Simply put, they can improve their asset management to make their expenditure more efficient. Hence long-term contracts assure operativity and functional equipment.

Our business model helps relevant decision makers to spend money more efficiently with very high quality products that can bring far-reaching benefits to the patients—effectively eradicating all indirect costs.

For instance, the warranty period on a USD two million CT scanner typically lasts for two years. Within those two years, the scanner’s operational functionality will be relatively seamless, with any complications probably immediately attended to by the manufacturer. However, after the warranty expires is when hospitals begin to incur unnecessary expenses, with one minor fault often leading to a succession of failures that eventually leaves the machine inoperable. Our value is lies in a hassle-free proposition, effectively filling this service gap by providing any necessary maintenance, upgrades, repairs, and/or training throughout the lifetime of the contractual period with our clients.

Is medical education is a crucial component when it comes adopting new medical devices? What type of initiatives has Vensi pursued in this regard?

In the public sector, it is very difficult to coordinate those types of activities. We will typically carry out educational seminars in line with customer requests, and specifically through our providers; otherwise, our client base might see such activities as us trying to exploit a sales channel—a conflict of interest if you will.

What would you identify as the main factors that make Vensi the ideal partner of choice, especially when compared to what some of your partners can offer?

Given the uniqueness of our model, we try not to constantly measure ourselves against the competitive landscape, as doing so will only inhibit our focus.

Number one is people, specifically the talent that we hire and place in hospitals. I don’t hire sellers, but service-oriented professionals with strong work ethic and unparalleled integrity to employ what we offer to our customers and understand their needs.
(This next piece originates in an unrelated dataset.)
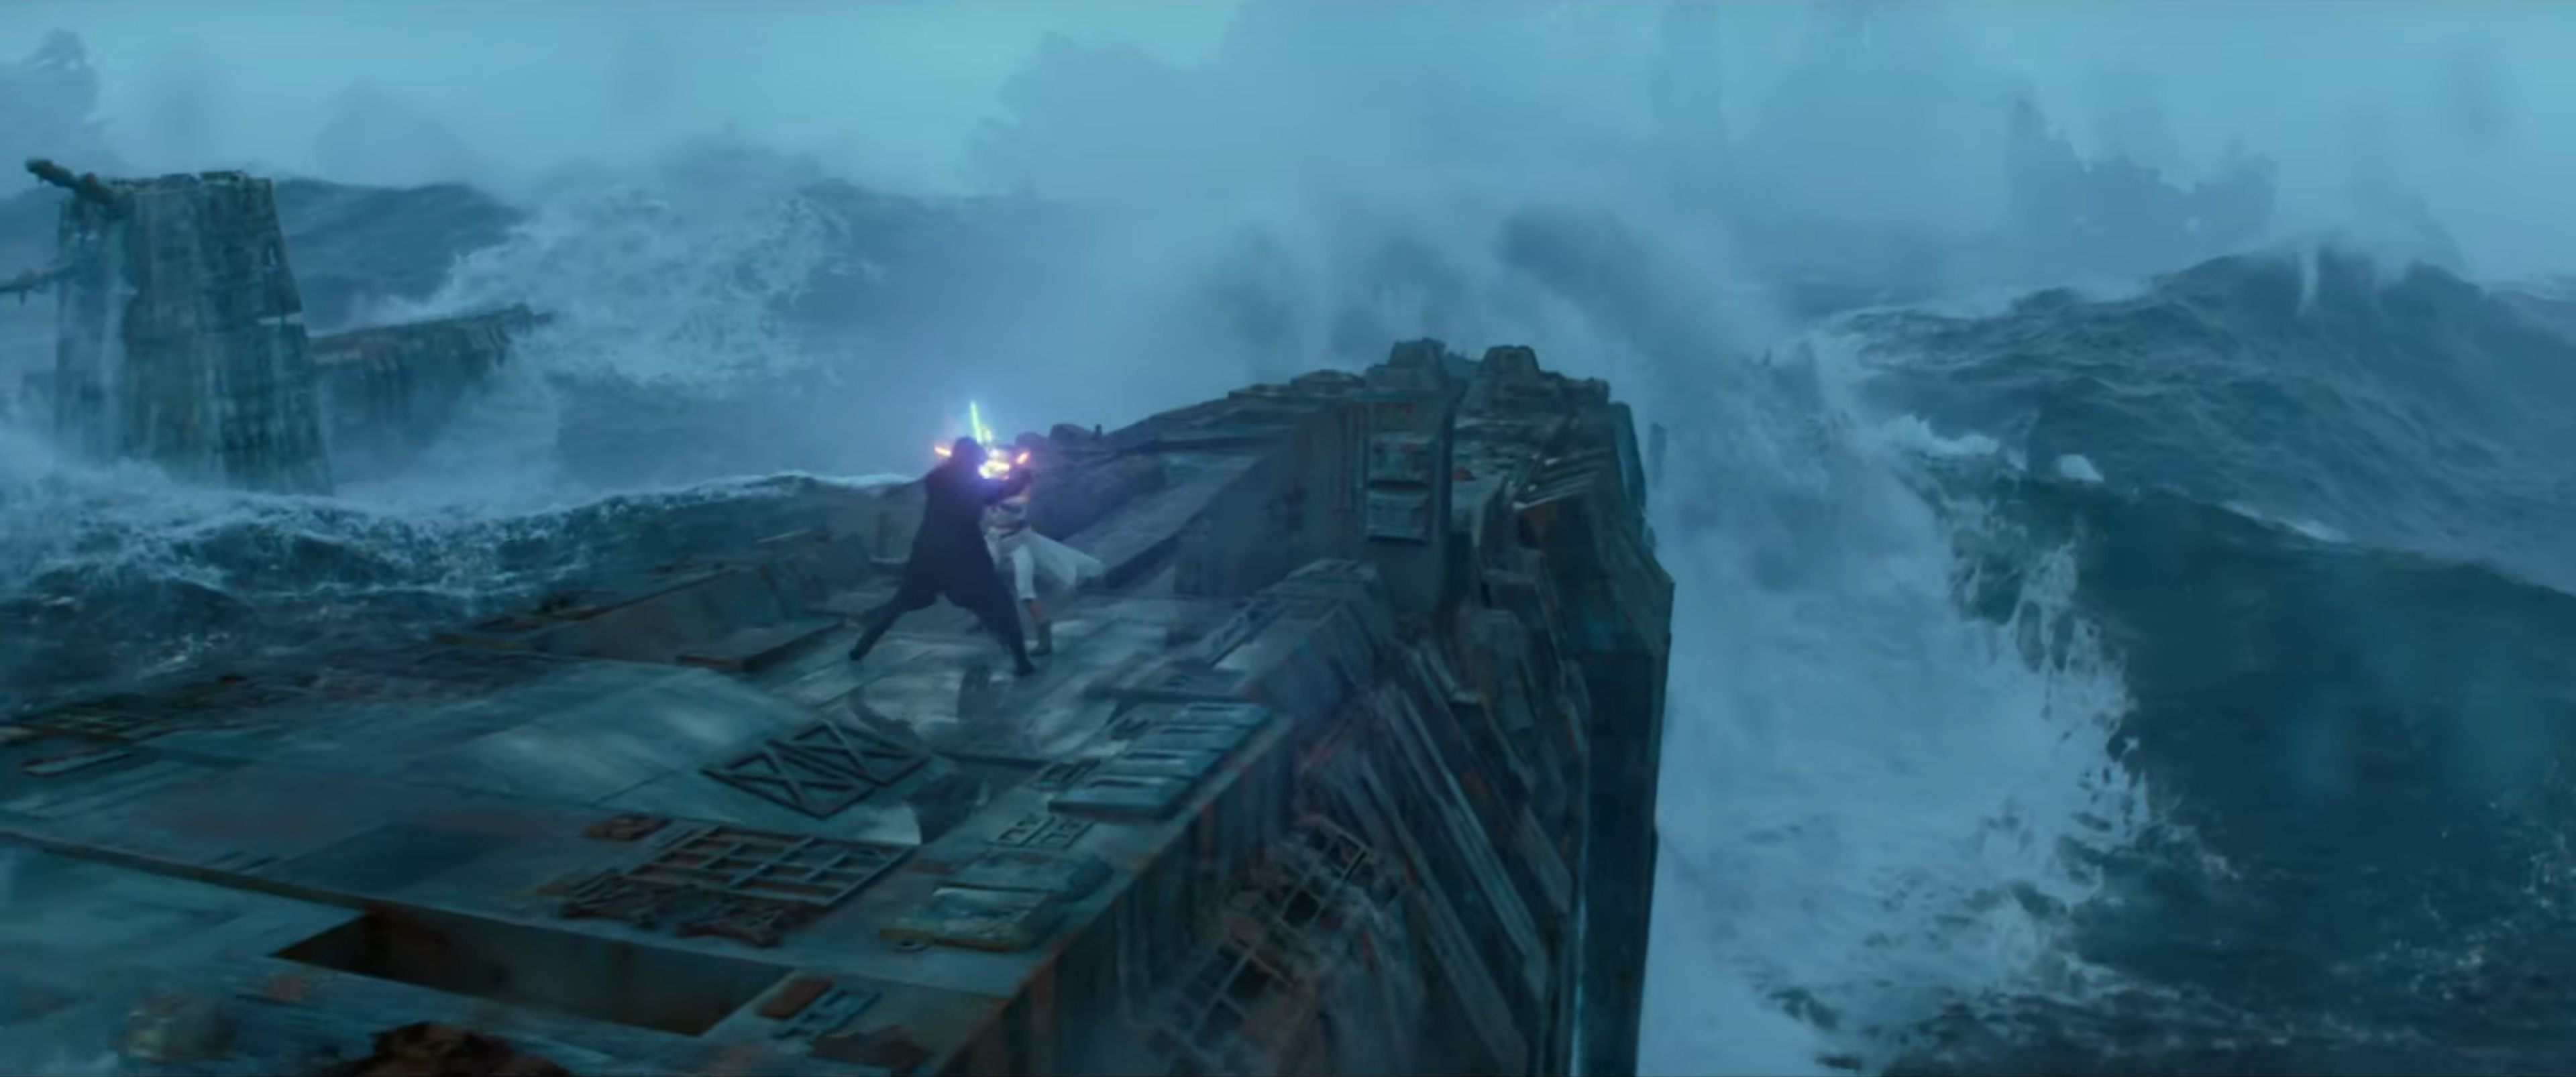 Star Wars Weekly Dark Rey Graces The New Trailer And Threepio Says Goodbye

Ultimately, it is important that they share the same vision of what we are trying to achieve—to completely reshape the way healthcare institutions approach medical equipment. With one eye on the hospital and one eye on the patient, our people are the core underpinning of Vensi’s success to date, and will be a key factor in expanding our consumer base moving forward.

Secondly, I would highlight the fact that we have undergone a directional shift that focuses less on short-term profitability and more on costumer satisfaction. We truly believe that if our end-users are happy at a regional price, then customer loyalty and in turn long-term business growth will invariably follow.
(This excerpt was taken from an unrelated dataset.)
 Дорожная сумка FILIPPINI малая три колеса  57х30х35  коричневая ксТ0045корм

Third, the commercial partnerships that we have established have certainly been instrumental in getting us to where we stand today.

Having just wrapped up two years as CEO, what would you now prioritize as your objectives in the next three to five years?

My first objective is to bring greater awareness to our service model and expand our operations across the nation and eventually the rest of the region.

The second objective will focus on executing the IMSS contract flawlessly, especially given the caliber and strategic value of this agreement. And we will know if we have succeeded in our jobs when a second contract is secured, perhaps in another service such as pharmacies.

In all of the objectives mentioned above, we are always exceeding customers’ expectations

Do you have a final message for our readers?

We are in a transition process here in Mexico, particularly with some of the recent political tensions in the country, as well as the political changes happening right across the border in the US. We are effectively entering a tipping point between the fragmentation and unification of our society. In terms of healthcare, which is a basic right for Mexican citizens, I believe that the sector must commit to our country by providing only full quality products, fair pricing and sustainable solutions.